Created on 07-09-2016 11:19 AM - edited 09-16-2022 03:29 AM
I want to process 100 GB of RFID data on apache haddop. Can anyone explain me how to do it using Horton Works Sandbox.Thanks in advance
Created 07-11-2016 03:50 AM
@SANTOSH DASH You can process data in hadoop using many difference services. If your data has a schema then you can start with processing the data with hive. Full tutorial here. My preference is to do ELT logic with pig. Full tutorial here. there are many ways to skin a cat here. Full list of tutorials are here.
Created 07-11-2016 03:50 AM
@SANTOSH DASH You can process data in hadoop using many difference services. If your data has a schema then you can start with processing the data with hive. Full tutorial here. My preference is to do ELT logic with pig. Full tutorial here. there are many ways to skin a cat here. Full list of tutorials are here.
Created 07-11-2016 10:31 AM
Regarding how refer to Sunile.

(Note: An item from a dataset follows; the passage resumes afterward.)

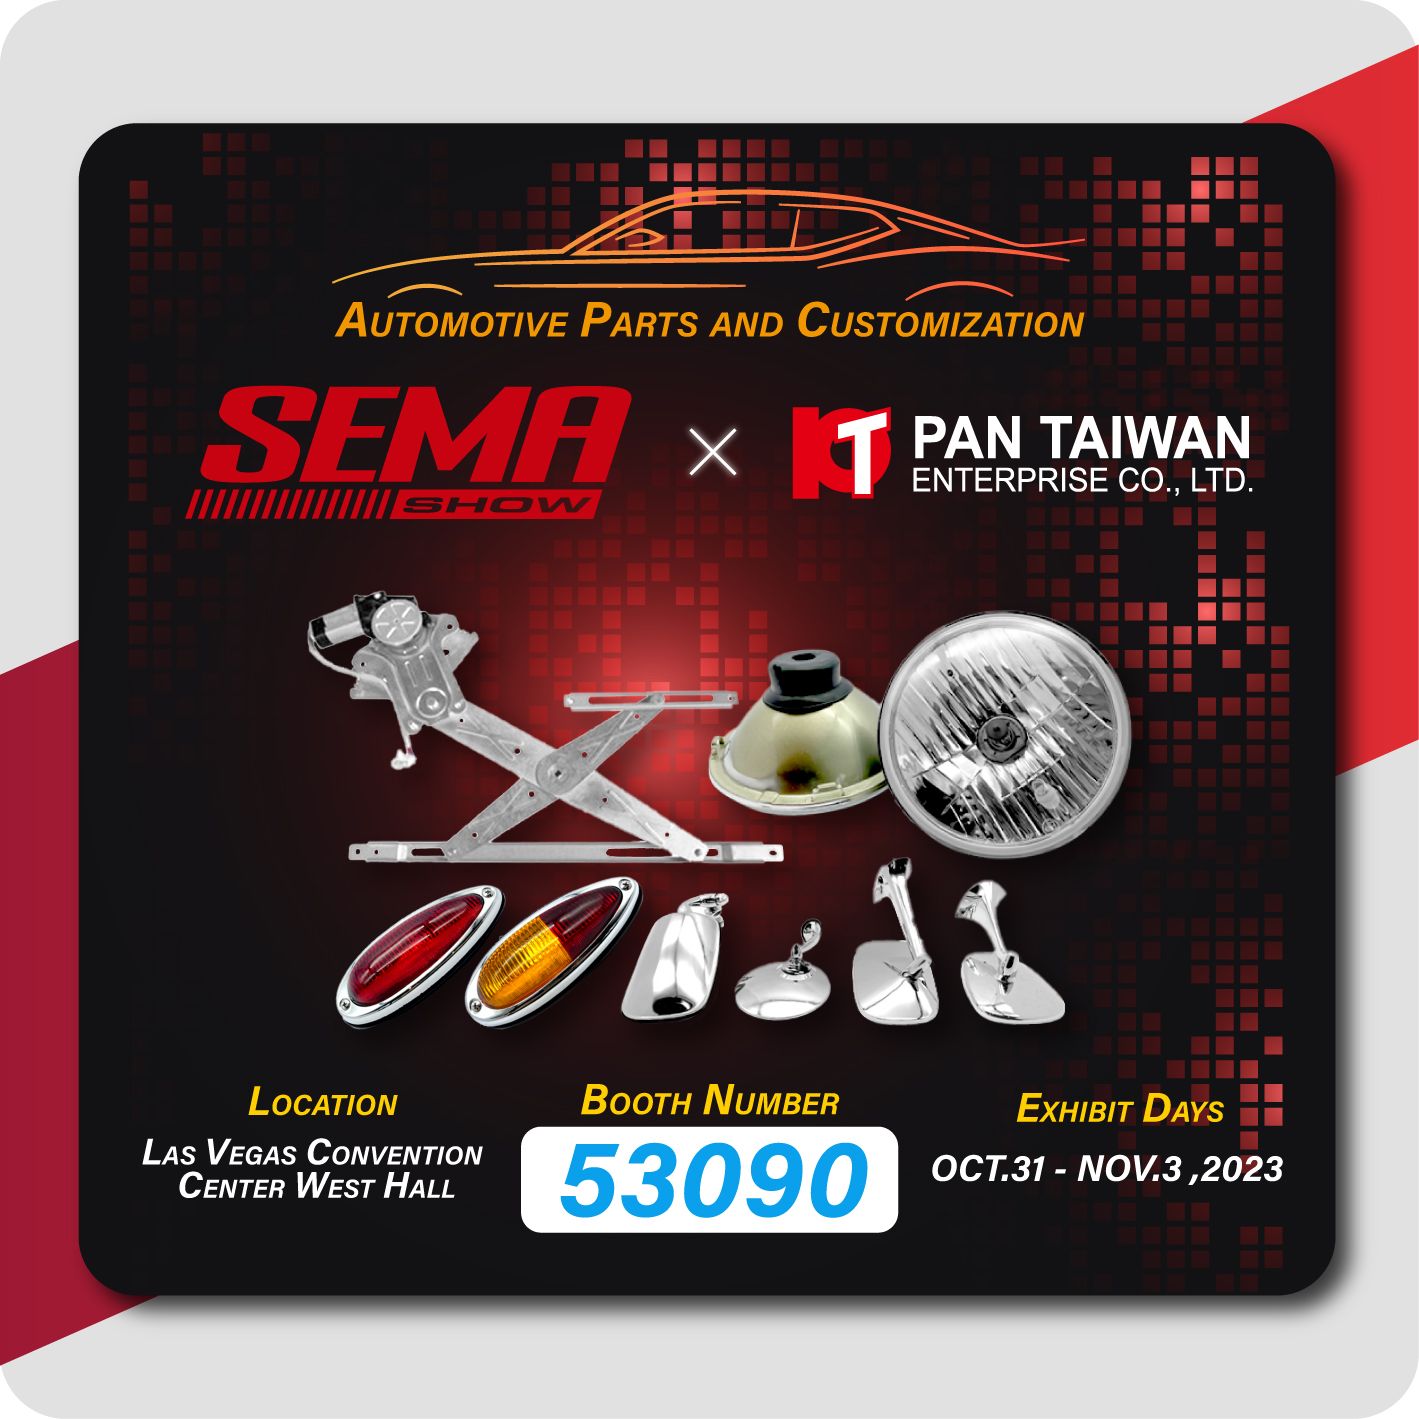 Pan Taiwan는 SEMA 2023에 참가하여 창문 레귤레이터, 클래식 자동차 부품 및 자동차 및 전기 하이브리드 자동차에 대한 맞춤 서비스를 모든 고객에게 시연합니다.

Pig is nice and flexible, Hive is good if you know SQL and your RFID data is already basically in a flat table format, Spark also works well ...
But the question is if you really want to process 100GB of data on the sandbox. The memory settings are tiny there is a single drive data is not replicated ... If you do it like this you can just use python on a local machine. If you want a decent environment you might want to set up 3-4 nodes on a VMware server perhaps 32GB of RAM for each? That would give you a nice little environment and you could actually do some fast processing.